Inclusion Criteria:

1. Histologically confirmed epithelial, primary fallopian or primary peritoneal cancer.
Stages I-IV.

2. Patients with known germline BRCA1/2 mutations

3. Verified progression by either RECIST criteria and/or GCIG CA125 criteria after
previous first line chemotherapy or progression after later lines of cytotoxic
treatment.

4. Platinum resistance or partially platinum sensitive disease (Relapsed within six
months of prior first line/later lines of platinum-based therapy or relapsed within
six to twelve months of prior first line/later lines of platinum-based therapy)

5. Age ≥ 18 years.

6. Performance status 0-2.

7. Measurable disease by RECIST 1.1 or evaluable by CA125 GCIG criteria

8. Adequate bone marrow function, liver function, renal function and coagulation
parameters (within 7 days prior to randomization):

WBC ≥ 3.0 x 10^9/l or neutrophils (ANC) ≥ 1.5 x 10^9/l Platelet count ≥ 100 x 10^9/l
Hemoglobin ≥ 9.7 g/dl (6 mmol/L) Serum bilirubin ≤ 1.5 x ULN Serum transaminases ≤
2.5 x ULN Serum creatinine ≤ 1.5 x ULN

9. Written informed consent.

10. Tissue available for BRCAness analysis.

Exclusion Criteria:

1. Previous treatment with a PARP inhibitor.

2. Platinum-refractory disease (disease that progressed or was stable during prior
platinum therapy)

3. Patients who have received (or are planning to receive) treatment with any other
investigational regimen, or who have participated in another clinical trial within 28
days prior to entering this trial.

4. Pregnant or breast-feeding patients.
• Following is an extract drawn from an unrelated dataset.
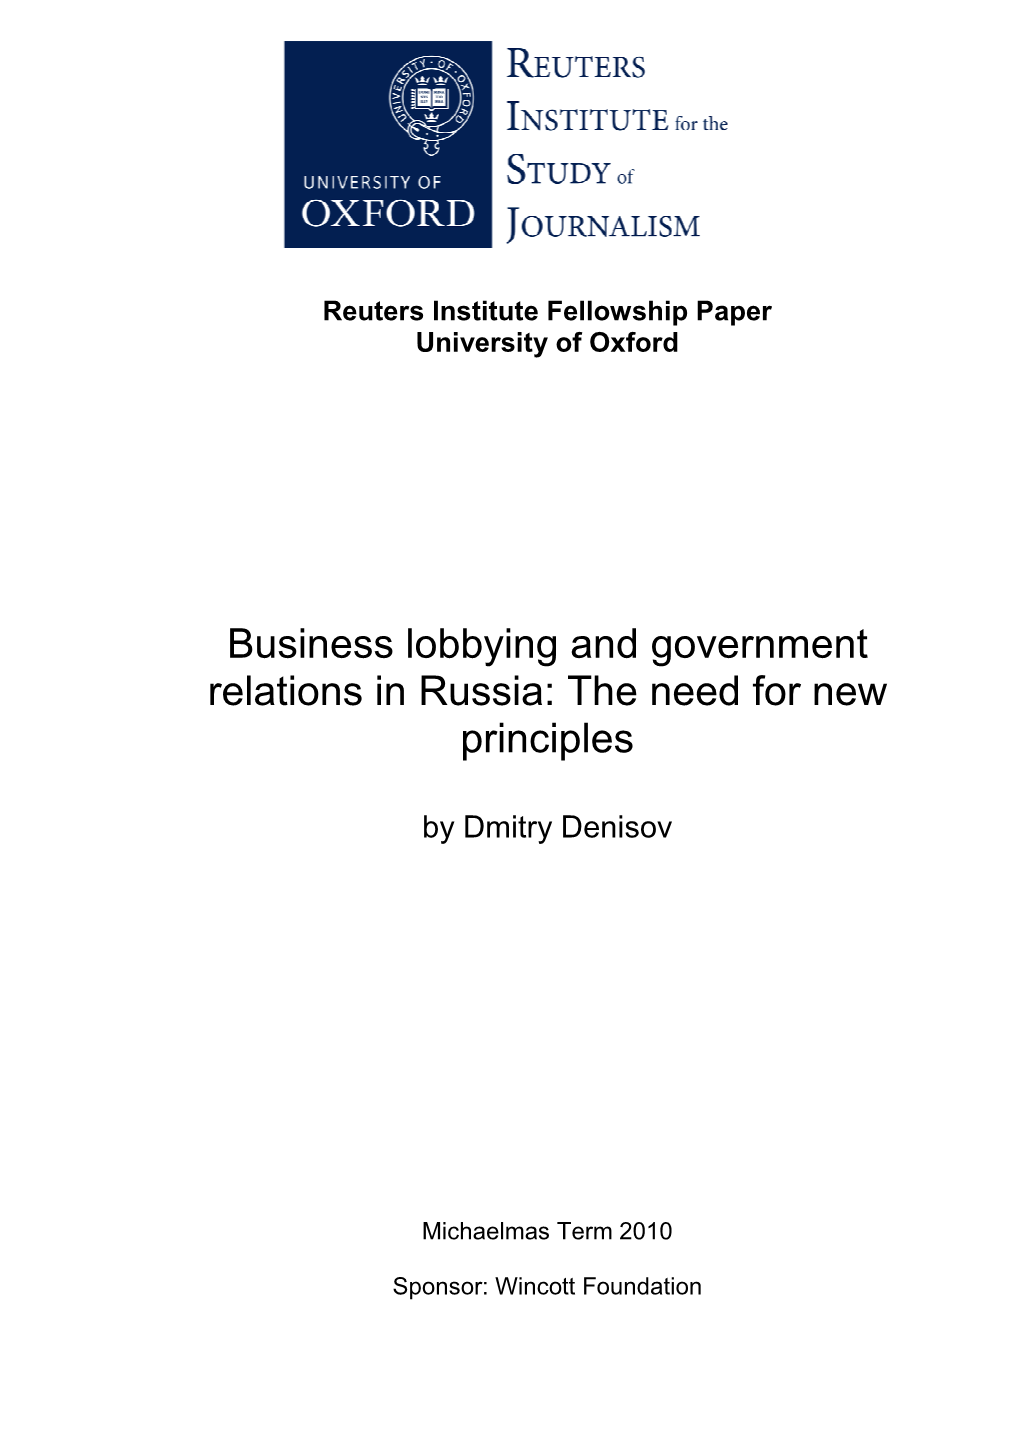 Business Lobbying and Government Relations in Russia: the Need for New Principles

For fertile women a negative pregnancy test at
screening is mandatory.

5. Fertile patients not willing to use acceptable and safe methods of contraception
during and for 6 months after treatment

6. Other present or previous malignancy except curatively treated cervical cancer stage
I, non-melanotic skin cancer or other cancer with minimal risk of relapse.
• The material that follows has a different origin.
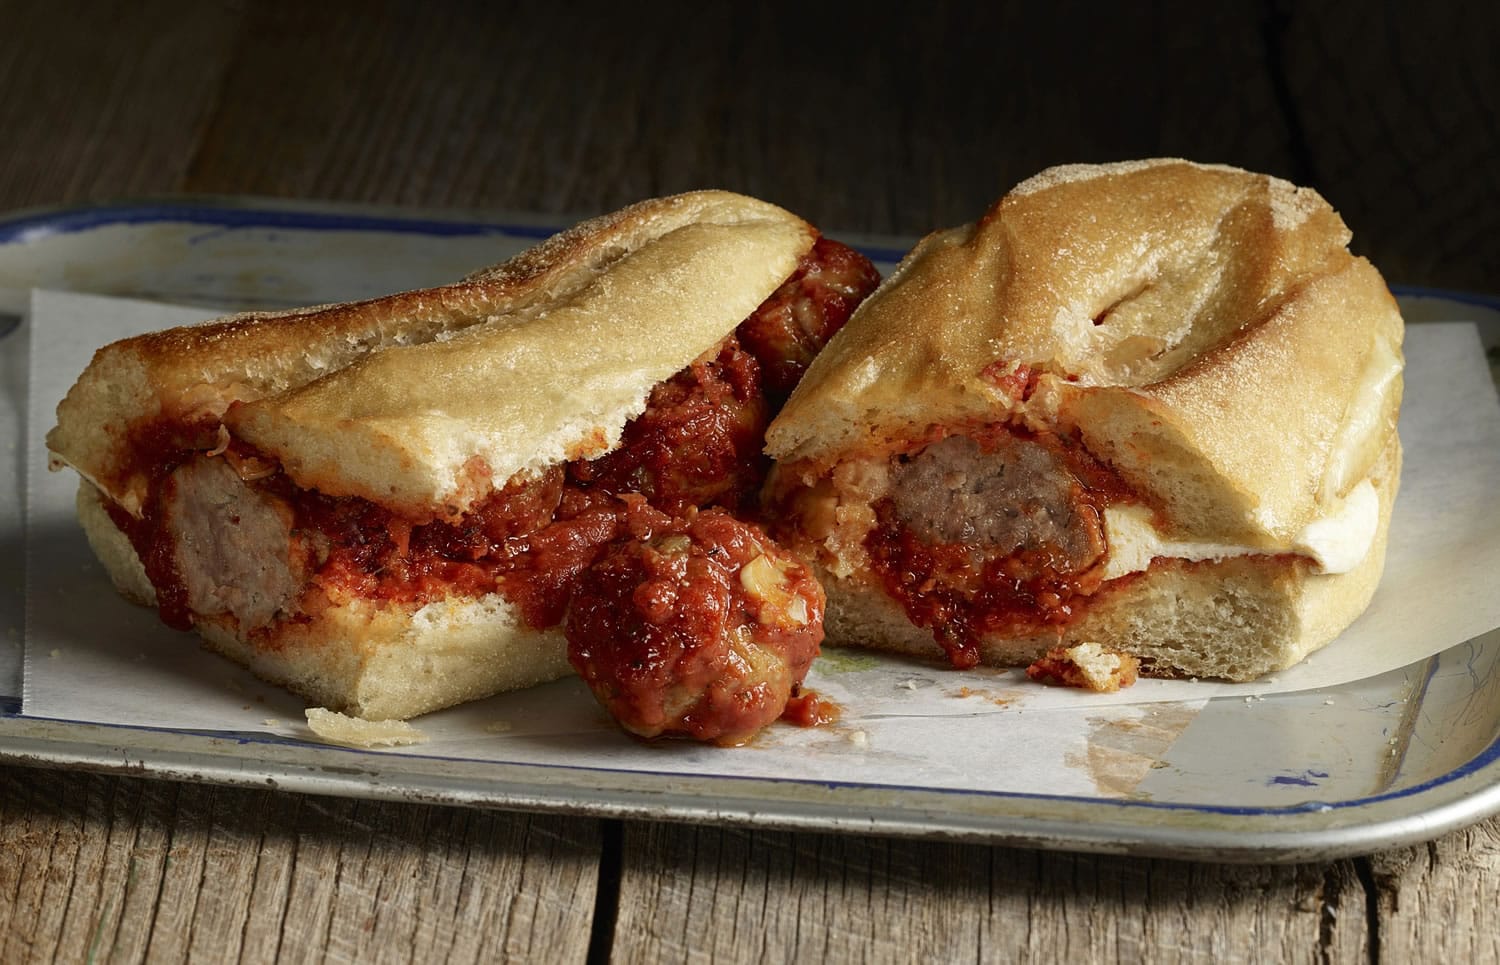 &quot;This doesn't exist in Italy,&quot; says chef Bob Kinkead, pointing to what's left of the saucy, gooey Campono Meatball Sub.

Curatively treated prior breast cancer is allowed if no relapse is suspected at time
of inclusion.

7. CNS metastasis.

8. History of any chronic medical or psychiatric condition or laboratory abnormality
that is not medically controlled or in the opinion of the Investigator may increase
the risks associated with study drug administration. (e.g. diabetes, cardiac
diseases, hypertension, renal or liver disease).

9. Allergy to the ingredients of the study medication.